World Economic Forum
Over US$ 100 Trillion Additional Credit Needed to Support Global Growth
- Report analysing sustainable credit finds that credit levels need to double over the next 10 years to support robust global economic growth
- Meeting credit demand could be challenging: In Asia, less developed financial systems and capital markets might constrain credit growth, while the European Union could face a gap in bank capital of up to US$ 2 trillion
- Growing global demand can be met safely if robust indicators of unsustainable lending, contagion risk and credit shortages are used
New York, USA, 18 January 2011 – Credit levels will need to double over the next 10 years, growing by US$ 103 trillion, to support consensus-projected economic growth.
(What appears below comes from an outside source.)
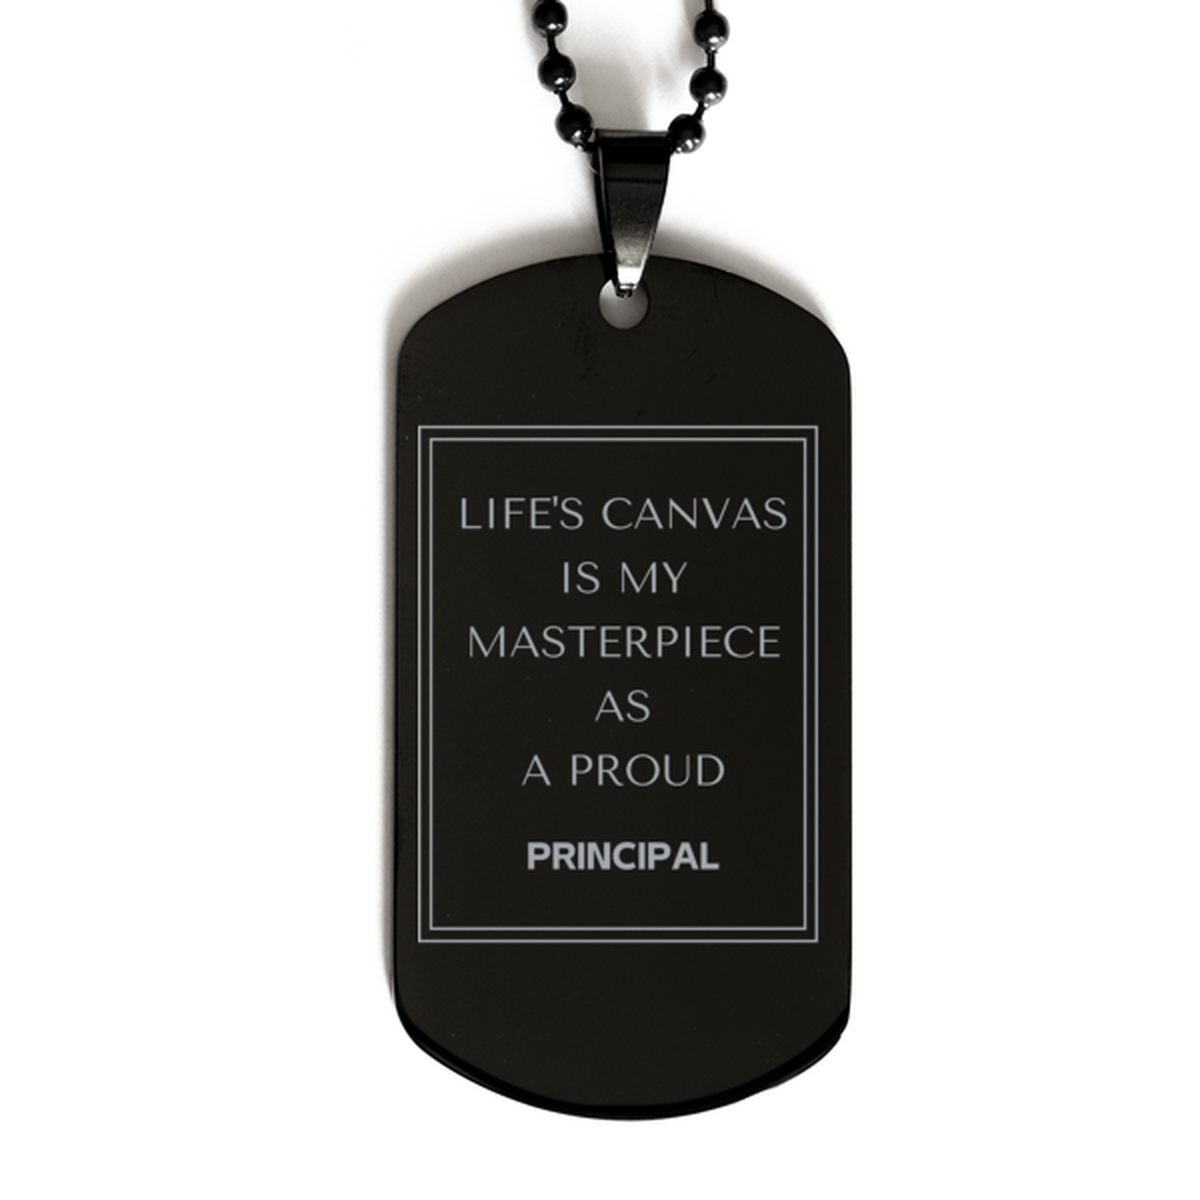 Proud Principal Gifts, Life's canvas is my masterpiece, Epic Birthday Christmas Unique Black Dog Tag For Principal, Coworkers, Men, Women, Friends

This doubling of credit could be achieved without increasing the risk of major crisis, finds More Credit with Fewer Crises: Responsibly Meeting the World’s Growing Demand for Credit, a report released by the World Economic Forum in collaboration with McKinsey & Company. The study develops a detailed global credit model using historical credit volumes and forecasting potential credit demand to 2020 across 79 countries, representing 99% of world credit volume. The study applies a sustainability methodology to the projected credit demand, using newly developed metrics to answer the following two questions: Will credit growth be sufficient to meet demand? Is there a risk of future credit crises and, if so, where?